Pela existência desses milhares, seria difícil àqueles quatro músicos (Daniel, Seu Jorge, um contrabaixista e um baterista) estragarem, de alguma forma, canções que todos conhecem de ginjeira. Mais difícil seria mantê-las frescas. Mas, ao longo de hora e meia, foi isso que conseguiram – em grande parte. O vozeirão grave e sujo (“sujo”, no rock n' roll, é elogio) de Seu Jorge não é de todo o que se pede num género como a bossa nova, banhado pela maresia, mas as suas reinterpretações mereceram nota positiva. Exceção feita a 'Retrato Em Branco E Preto', sendo que nunca ninguém conseguirá superar a versão de João Gilberto em Montreux. As pausas que fazia entre versos arruinaram toda a sofrência da canção... E o facto de o crítico ter tido o azar de se sentar ao lado do único grupo que não se calava numa Altice Arena completamente silenciosa também não ajudou.

O silêncio imperou, apesar dos vários pedidos, em palco, para que o público se juntasse aos músicos. O início, pouco para lá da hora marcada, deu-se com 'Wave', tema que empresta o título a um dos melhores discos de Tom Jobim. Sentado, Seu Jorge arrancou aplausos assim que soltou a voz, navegando por 'A Correnteza' e erguendo-se para os braços de 'Luísa', logo depois. Nas primeiras filas, o público assistia e escutava, compenetrado, como se o mínimo gesto fosse estragar a magia. O que faz da bossa nova um género tão resistente à passagem do tempo é isso mesmo: a ideia de ser tão frágil que é preciso pegar nele com os maiores cuidados possíveis, como a um neném que o é para sempre.

Daí que não tenha sido montado qualquer tipo de espetáculo cénico, exceção feita a um par de vezes em que a silhueta de Tom Jobim foi exibida no fundo de palco. O importante é a canção. Tão importante, que por vezes foi necessário contar a sua história: assim foi com o clássico 'Só Danço Samba', com Daniel, que tratou Seu Jorge como “irmão” e vice-versa, a fazer o papel de professor. Ele, mais que ninguém, conhece a bossa nova. Está-lhe no sangue e nas memórias. Sobre 'Chega de Saudade', lembrou que João Gilberto chegou a ter algumas dúvidas sobre o sucesso do tema, até receber de Tom Jobim a garantia: claro que vai dar certo!. Em 'Samba do Avião', resgatou a introdução de Dorival Caymni. Assim que Seu Jorge saiu momentaneamente do palco, recuperou 'Bonita', tema inédito de Vinicius de Moraes com o avô.
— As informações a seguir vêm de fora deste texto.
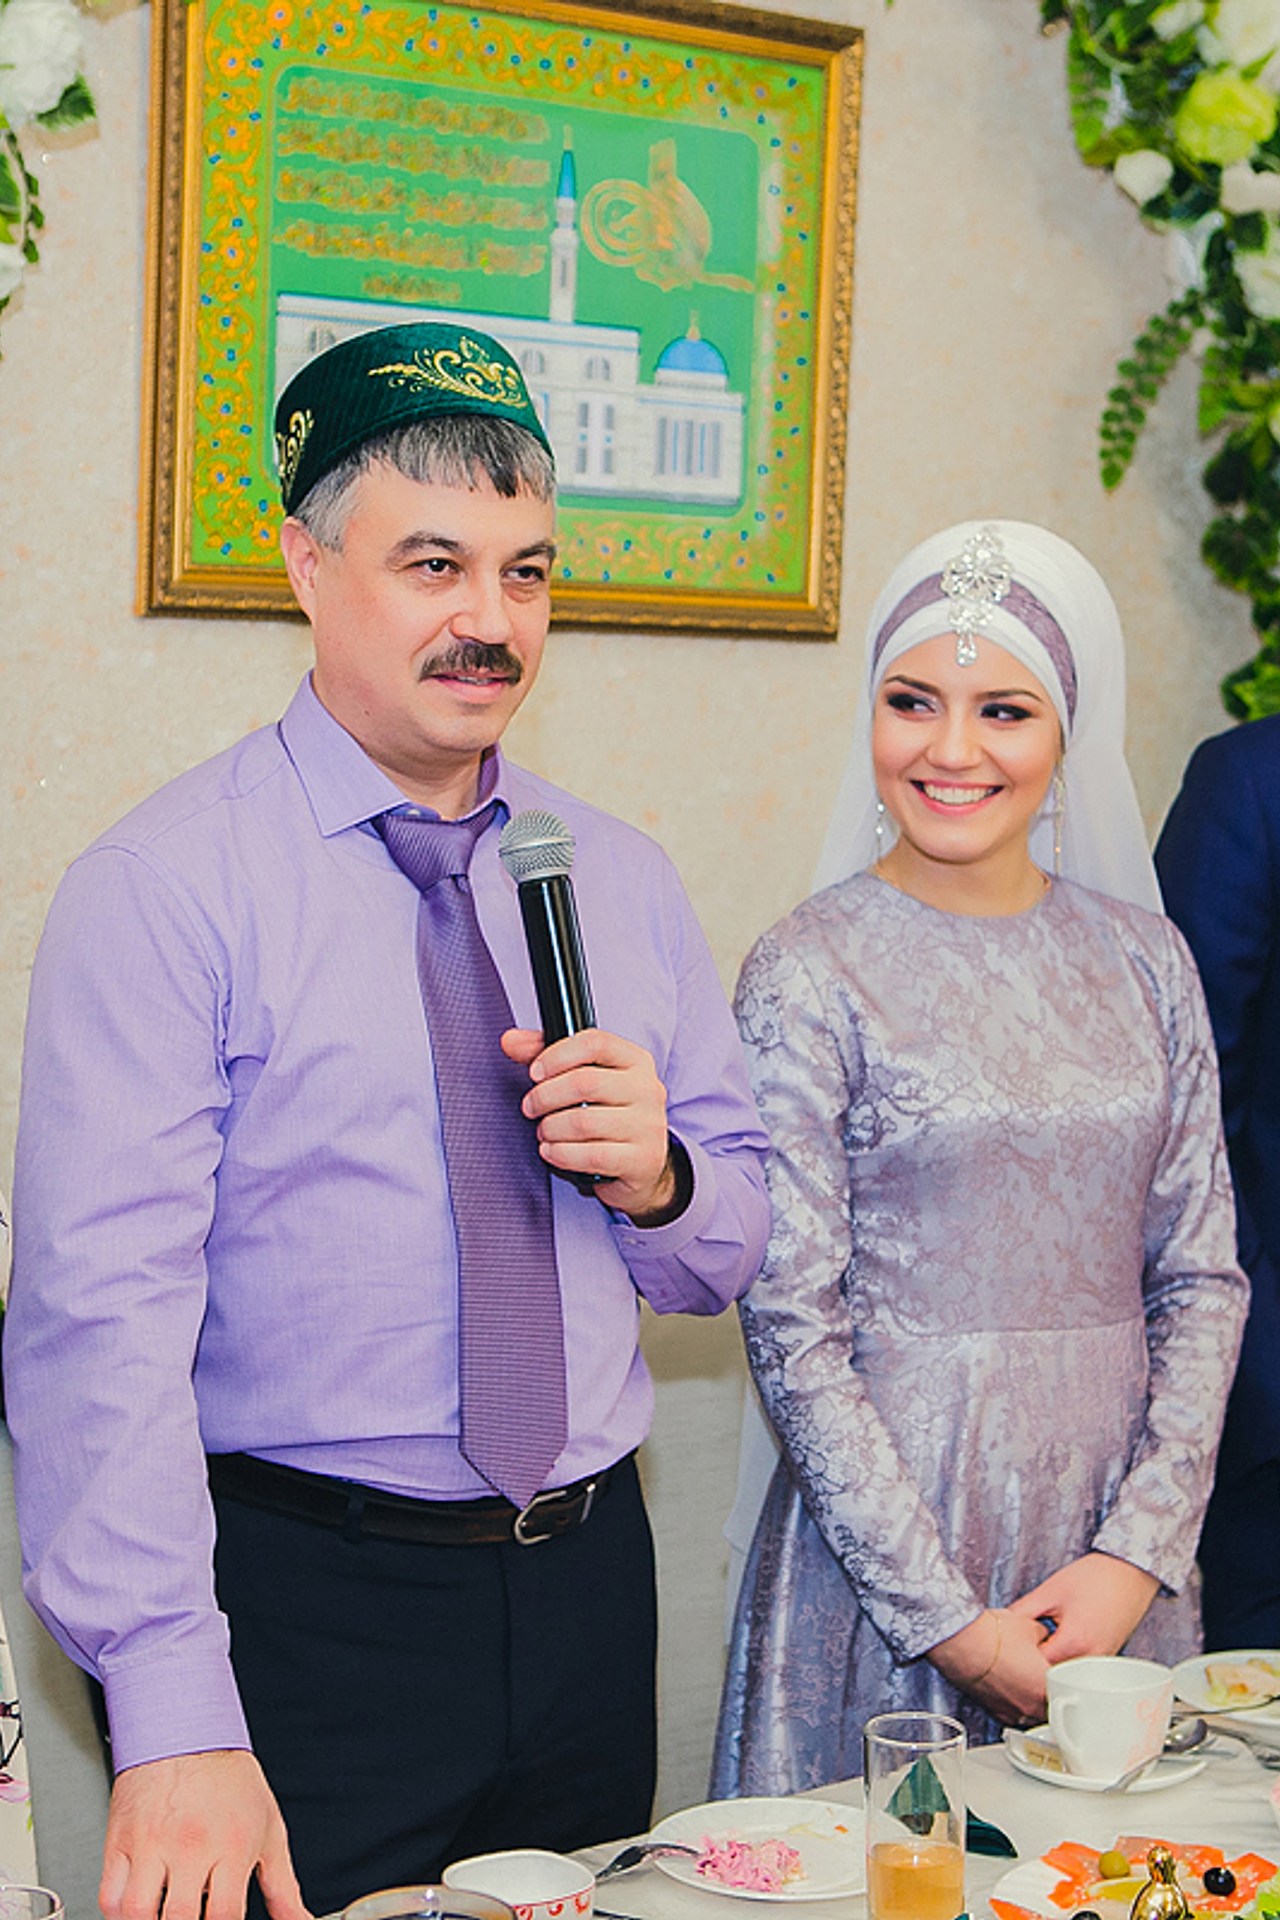 С днем рождения на татарском языке: 60 картинок

Esta “noite bonita”, numa “casa bonita”, como salientou o vocalista, acabou por ser sobretudo uma lição. Não podemos realmente entender música sem perceber de onde veio, que é meio caminho andado para perceber para onde irá. No caso, esta foi uma lição sobre bossa nova, mas podia ser uma lição sobre um Brasil onde as 'Águas de Março' fecham o verão (com direito a um 'solo' de Daniel), onde até num 'Desafinado' pode bater um coração. 'Eu Sei Que Vou Te Amar', dedicada aos presentes (e que mereceu o maior aplauso da noite), antecedeu um final com 'Água De Beber' (cantada pelo público após muita insistência) e a absolutamente soberba 'A Felicidade', terminando o espetáculo ao ritmo do samba-encore: 'Insensatez', 'Pra Machucar Meu Coração', 'Samba De Uma Nota Só' e – seriam vaiados se assim não fosse – a mais que obrigatória 'Garota De Ipanema'. Caetano tem razão mas sejamos mais politicamente corretos: a bossa nova é vida.